_Description of the task_: Leaving the pictures aside, return the listing exactly as it appears.

_Material provided_:
Start of Block
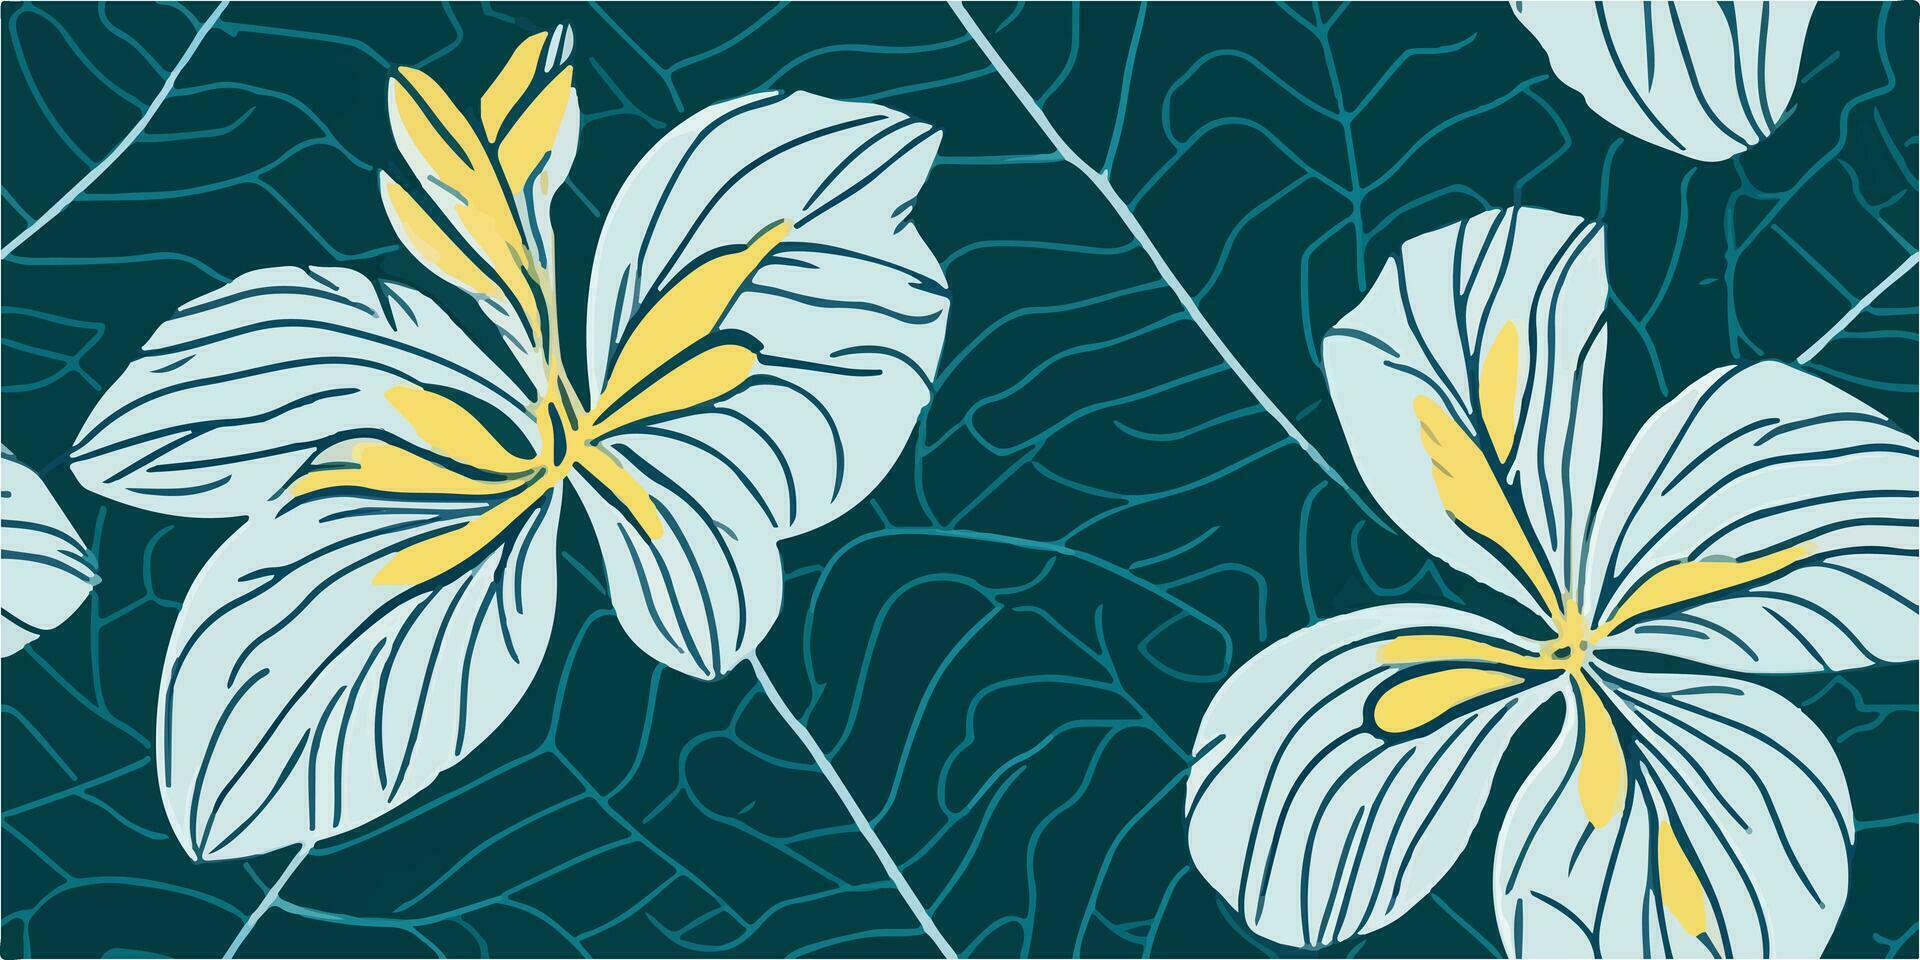 artístico susurros dibujado a mano frangipani flores patrones para tu verano obra de arte vector
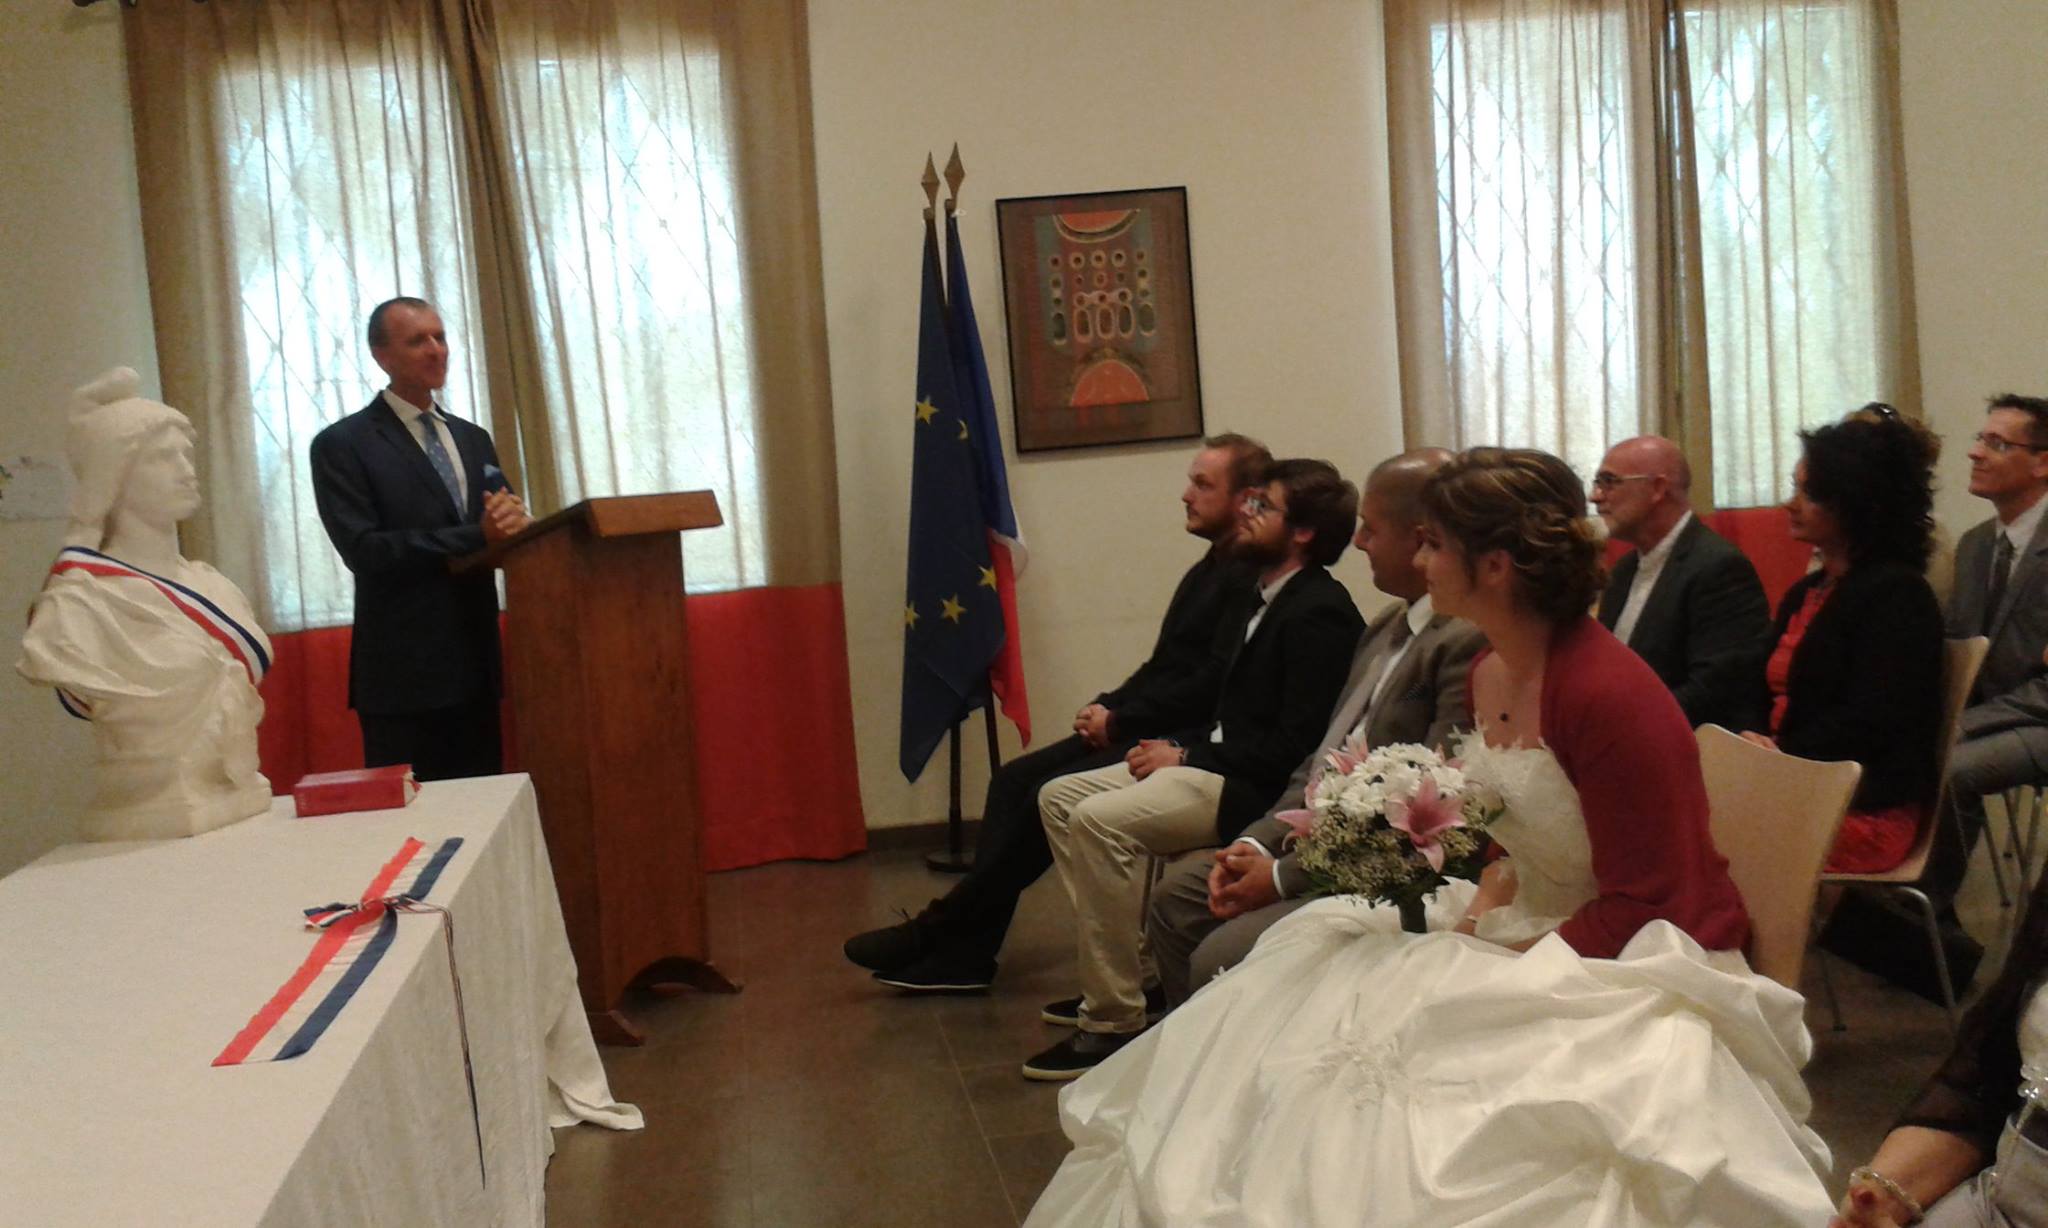 Le Consul général de France à Dakar Olivier Serot Almeras  a célébré ce jour deux mariages, longue vie aux mariés !
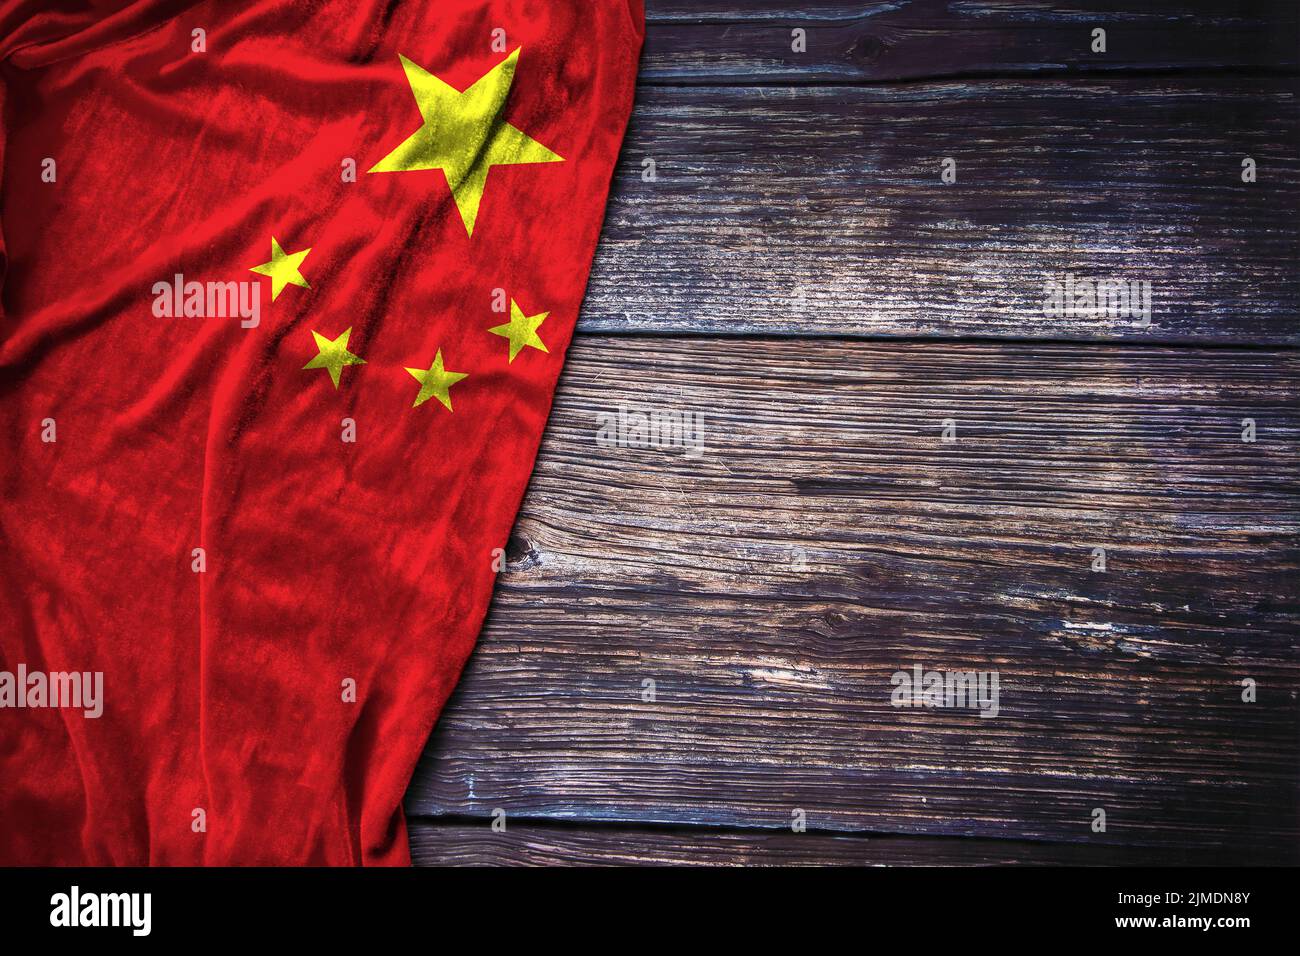 Bandera china sobre fondo rústico de madera para el concepto de Día de los Mártires, Día Nacional de China o Día del Trabajo. Foto de stock
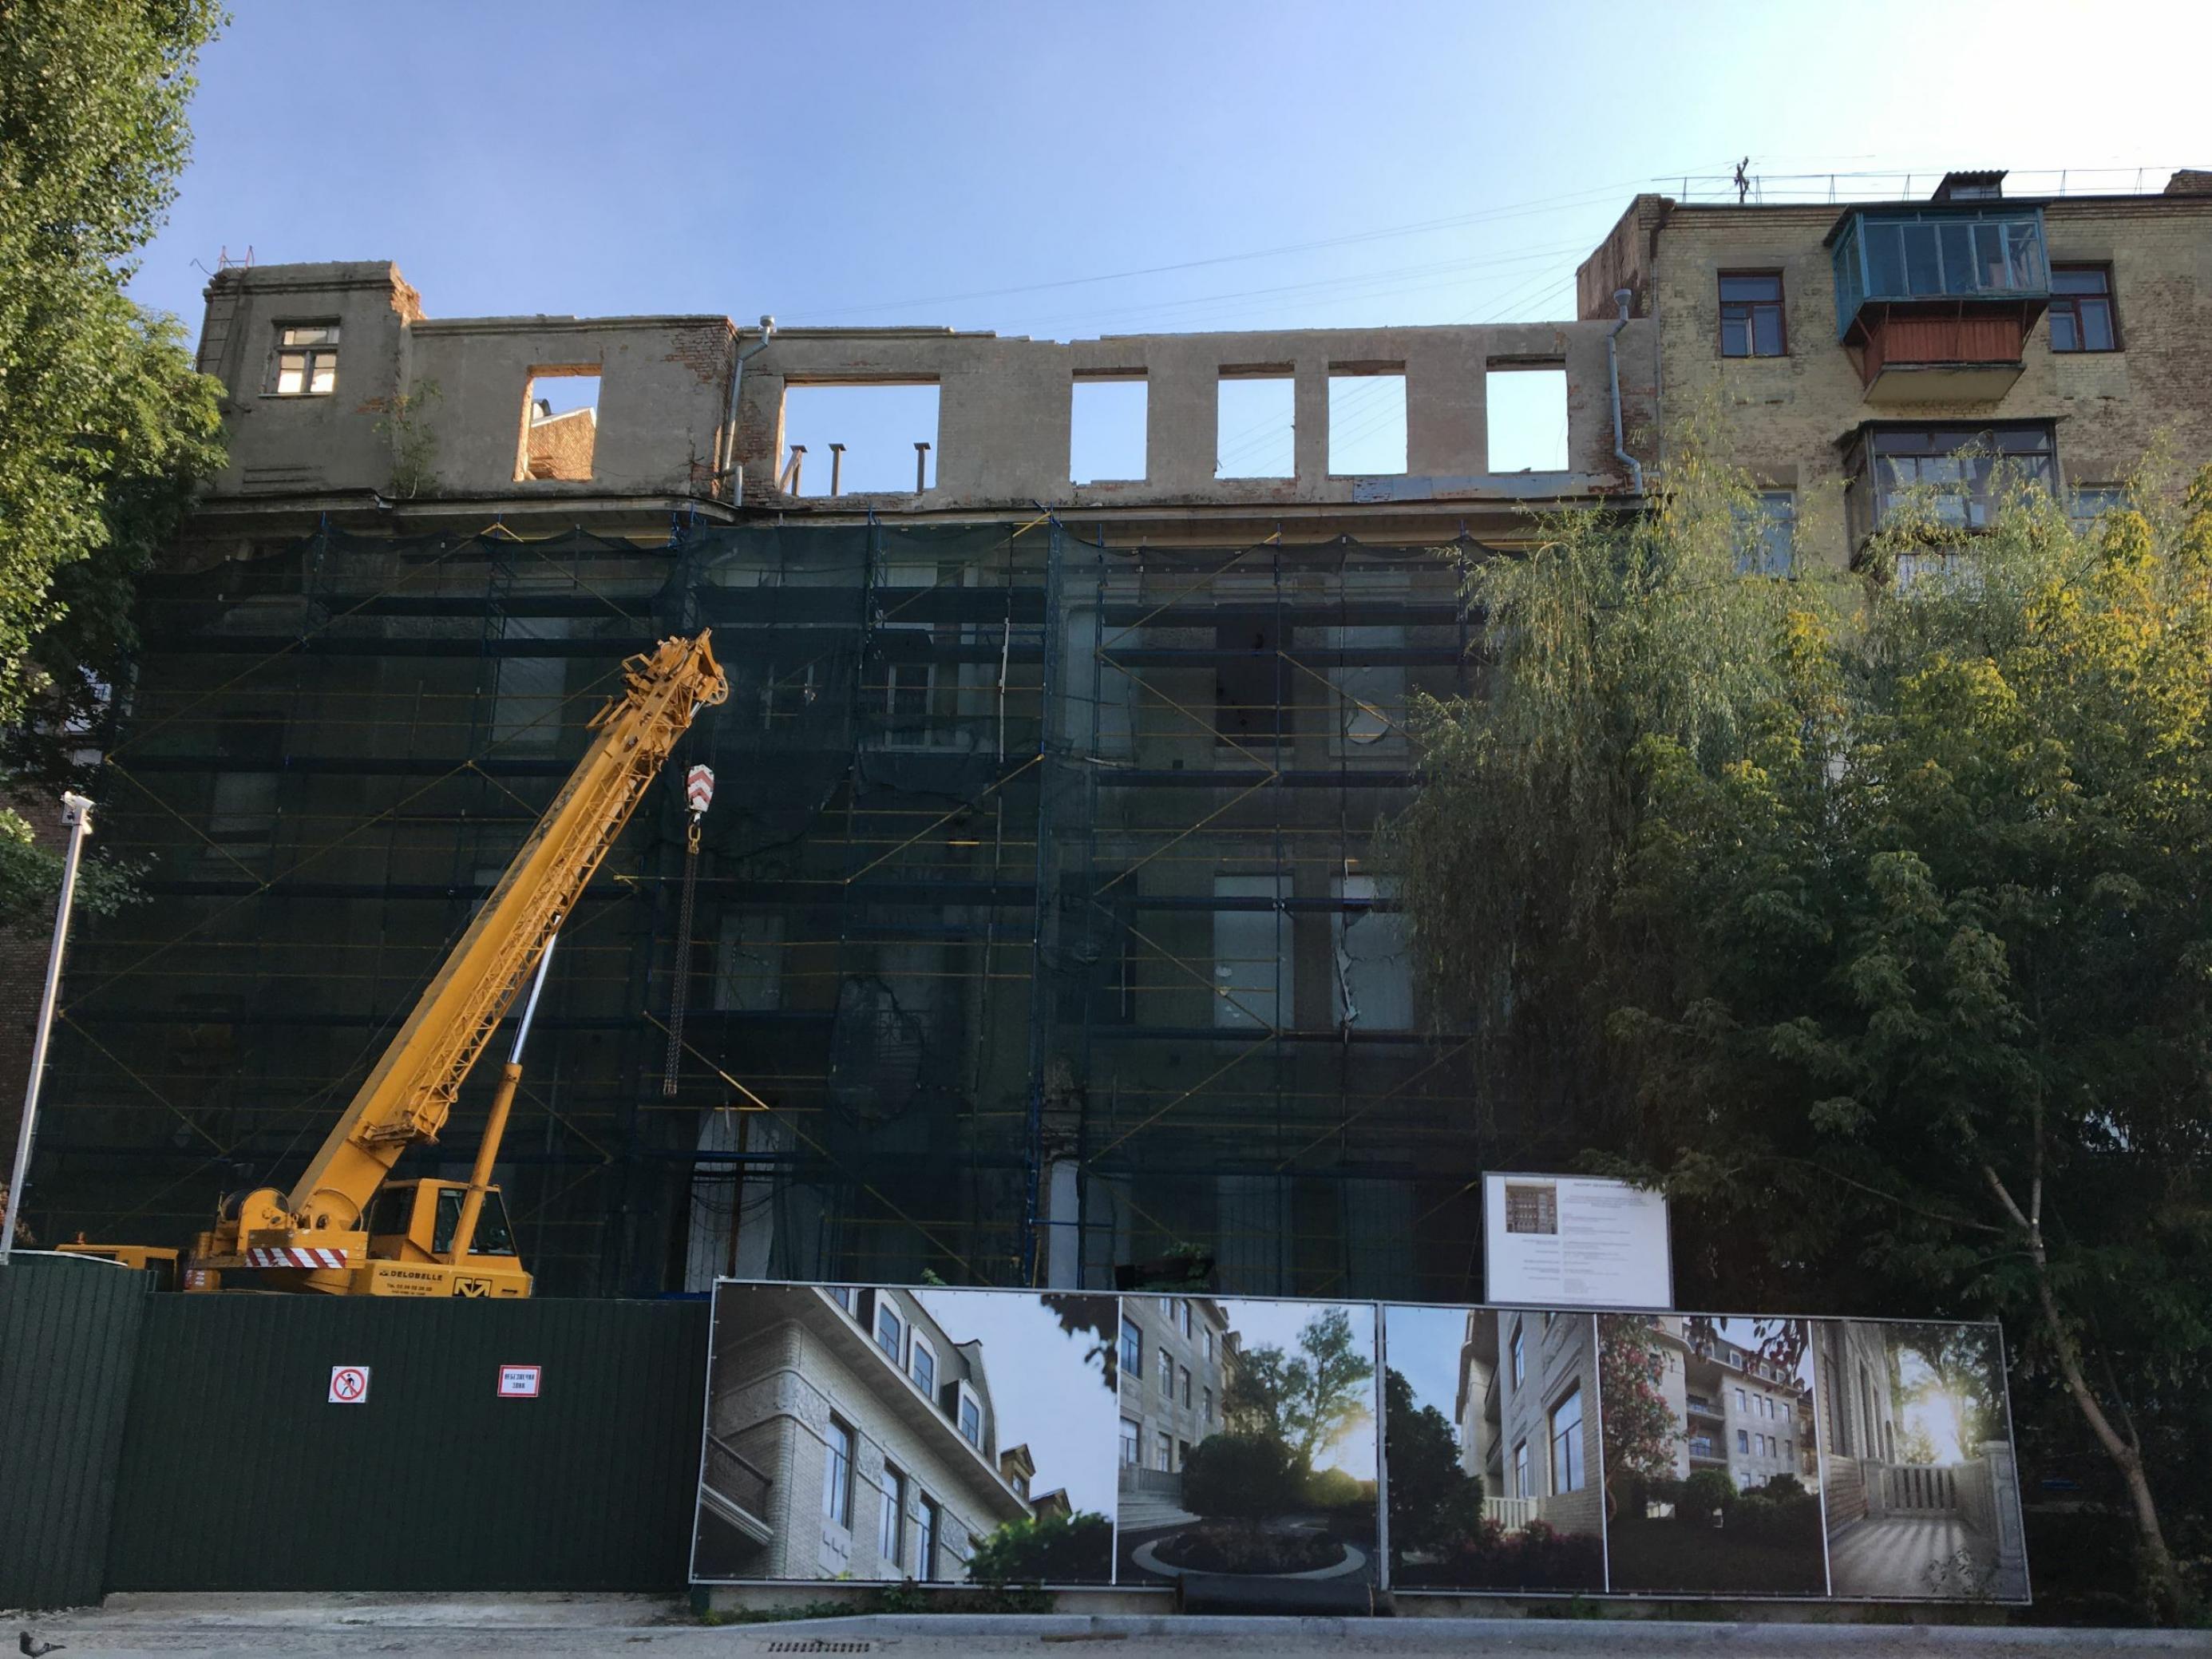 Mit HIlfe eines Baufahrzeugs wird ein marodes Gebäude in der ukrainischen Hauptstadt Kiew saniert. Plakate zeigen, wie das Haus später aussehen soll.
End of Block
_Your solution_:
 artístico susurros dibujado a mano frangipani flores patrones para tu verano obra de arte vector
 Le Consul général de France à Dakar Olivier Serot Almeras  a célébré ce jour deux mariages, longue vie aux mariés !
 Bandera china sobre fondo rústico de madera para el concepto de Día de los Mártires, Día Nacional de China o Día del Trabajo. Foto de stock
 Mit HIlfe eines Baufahrzeugs wird ein marodes Gebäude in der ukrainischen Hauptstadt Kiew saniert. Plakate zeigen, wie das Haus später aussehen soll.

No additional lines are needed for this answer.